Fox, 63, presides over Marble King, the nation's sole surviving manufacturer of marbles. Born in an era when no kid's pocket was without its bag of aggies, the factory still produces a million marbles a day, serving the toy, industrial, and decor markets. If you love Steven Spielberg films or shop at Altar'd State apparel stores, then likely you have seen Marble King's products. If you are eligible for AARP, then likely you have played with them.
Ringed by rainbow mounds of shattered glass, Marble King's low-slung factory resides in Paden City, West Virginia. The region's abundance of natural gas and sand deposits supported glass manufacturing in the 19th century, which in turn spawned a marble industry in the 1920s. Marble King's raw material is broken and discarded glass donated by local glass companies for recycling. "We said we can give you a new life," Fox says. "You can be a broken piece of glass and we can transition you into something beautiful again."
Each day, the company's 22 employees melt 4,500 pounds of glass in a hand-built furnace. After eight hours in the fiery maw, the glass is shaped into diminutive orbs by rollers. Each marble undergoes automated quality control and inspection by hand. Marble King also manufactures small amounts of its own glass from proprietary recipes for colors it can't find elsewhere.
Across the road from the plant, buses disgorge tourists and school groups at the gift shop, which houses a 12-foot ring modeled on one at the National Marbles Tournament. (Marble King has been a tournament sponsor since 1968, each year presenting the winner with a $2,000 scholarship for post-secondary education.) In the shop, "we explain the rules, and the kids just naturally pick it up," Fox says. "I play with them, which is fun for a corporate executive."
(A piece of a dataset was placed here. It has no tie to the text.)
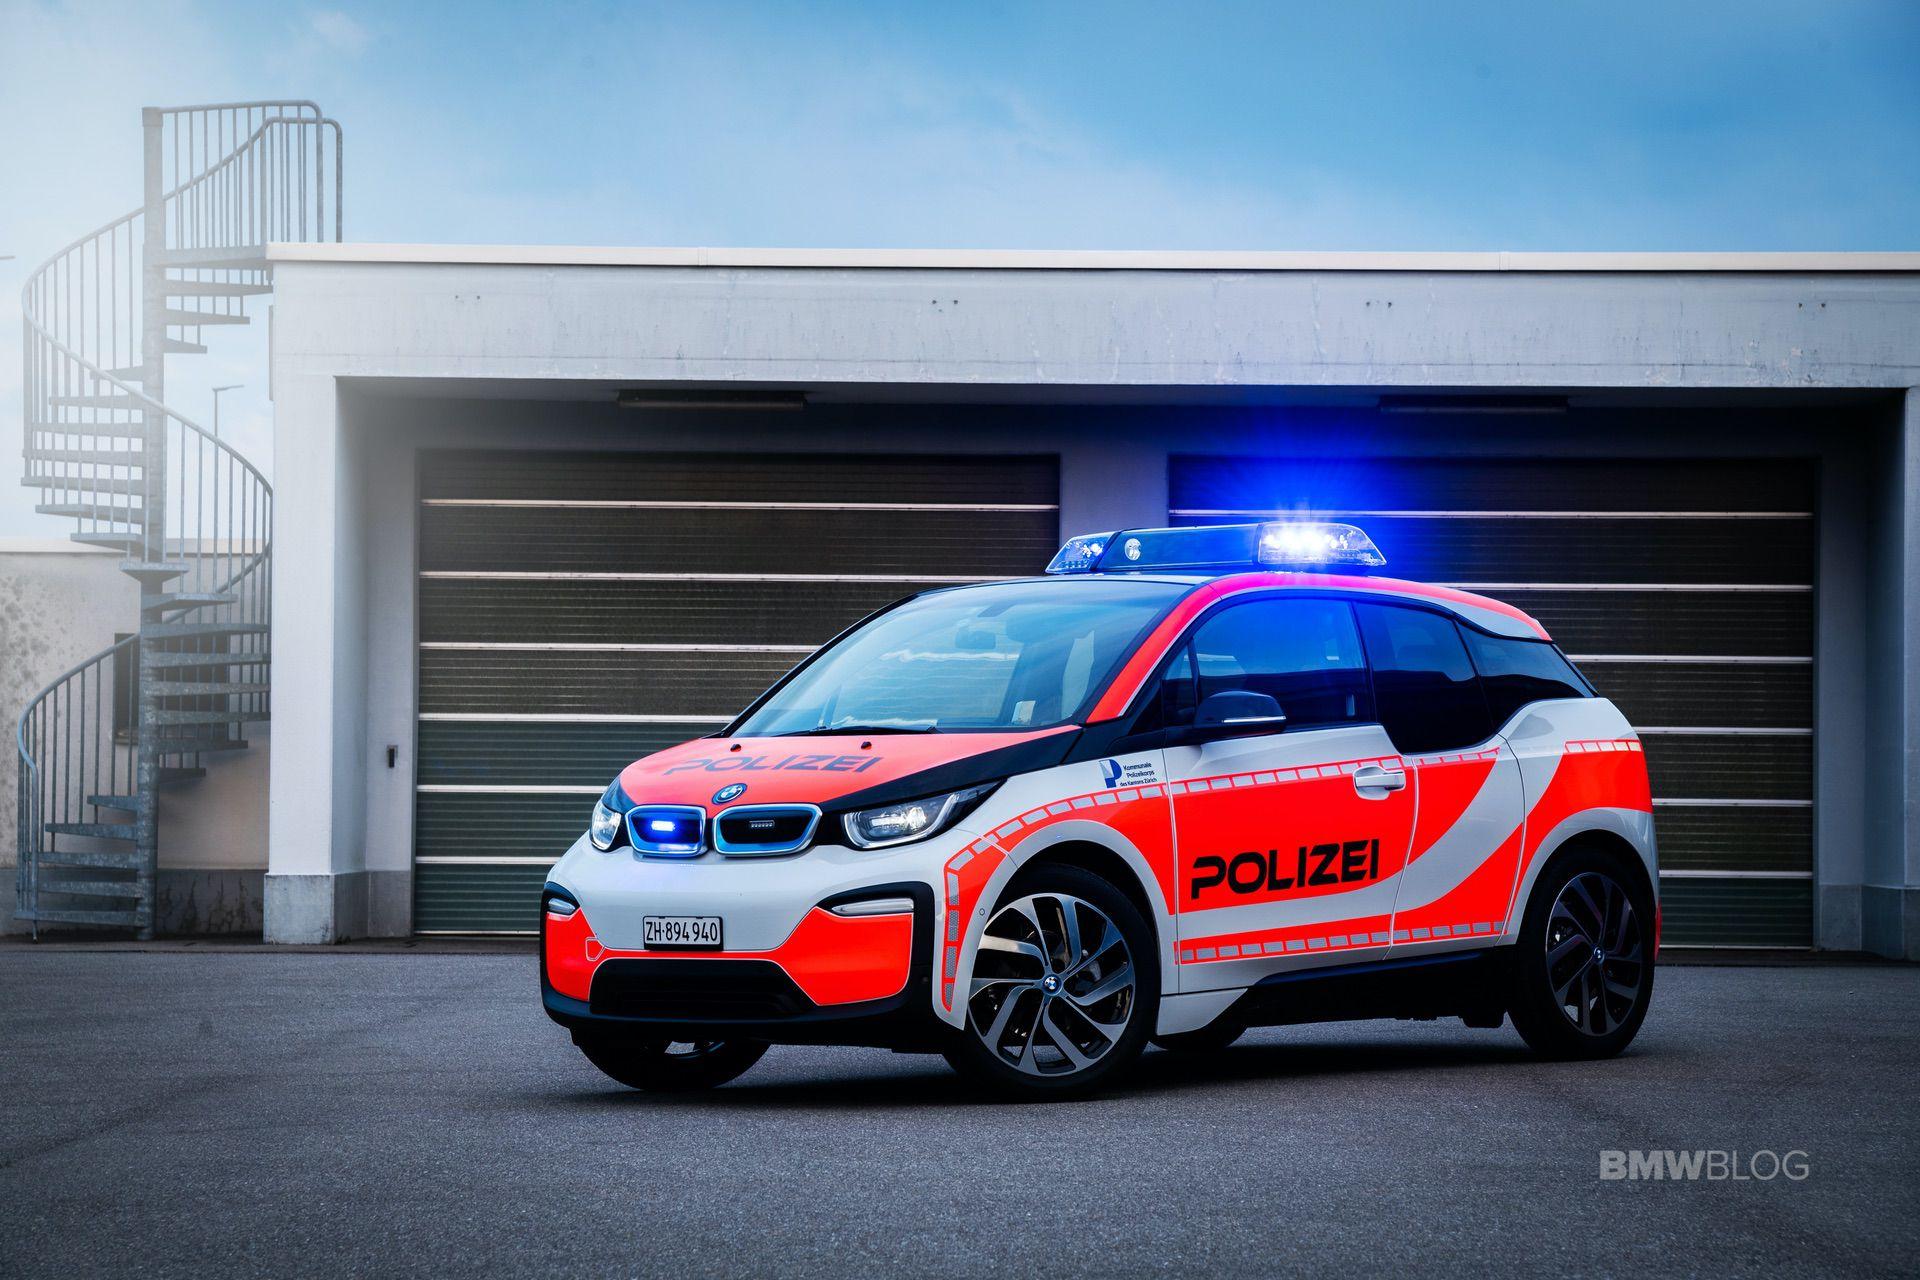 BMW i3 Zurich Police 02

That a place like this still exists where kids can learn Ringer (arrange 13 marbles in an X inside a circle and be the first to knock out seven) is testament to Marble King's resilience through upheavals in taste and trade, as well as personal tragedy. "When other manufacturers tried to compete on price and couldn't do that, Marble King consistently strove to be the best marble maker in the world," says Gerald Witcher, a veteran collector who owns several hundred thousand marbles, including many from Marble King. "The quality is what has kept them afloat in an environment where others couldn't compete."
"This company," he adds, "has probably seen as many changes in its history as any corporation in America."
Cat's eyes and fire
The original Marble King was Berry Pink. Pink (for whom Beri Fox is named) repped marbles for the Peltier Glass Company in the 1930s and '40s. He moved so much product that his employer couldn't keep up. So Pink and Sellers Peltier, one of Peltier's owners, set up a separate marbles-only plant, in the former Alley Agate marble factory, in St. Mary's, West Virginia. Pink was the roving ambassador: selling around the country, hosting tournaments, and handing out marbles wherever he went.
"Marbles were the video games of their day," Fox says. "Kids played in schoolyards, ball fields, parking lots. They would draw the circles in chalk or in the dirt with their fingers." But marbles weren't just for play. When they weren't playing with marbles, they were collecting them.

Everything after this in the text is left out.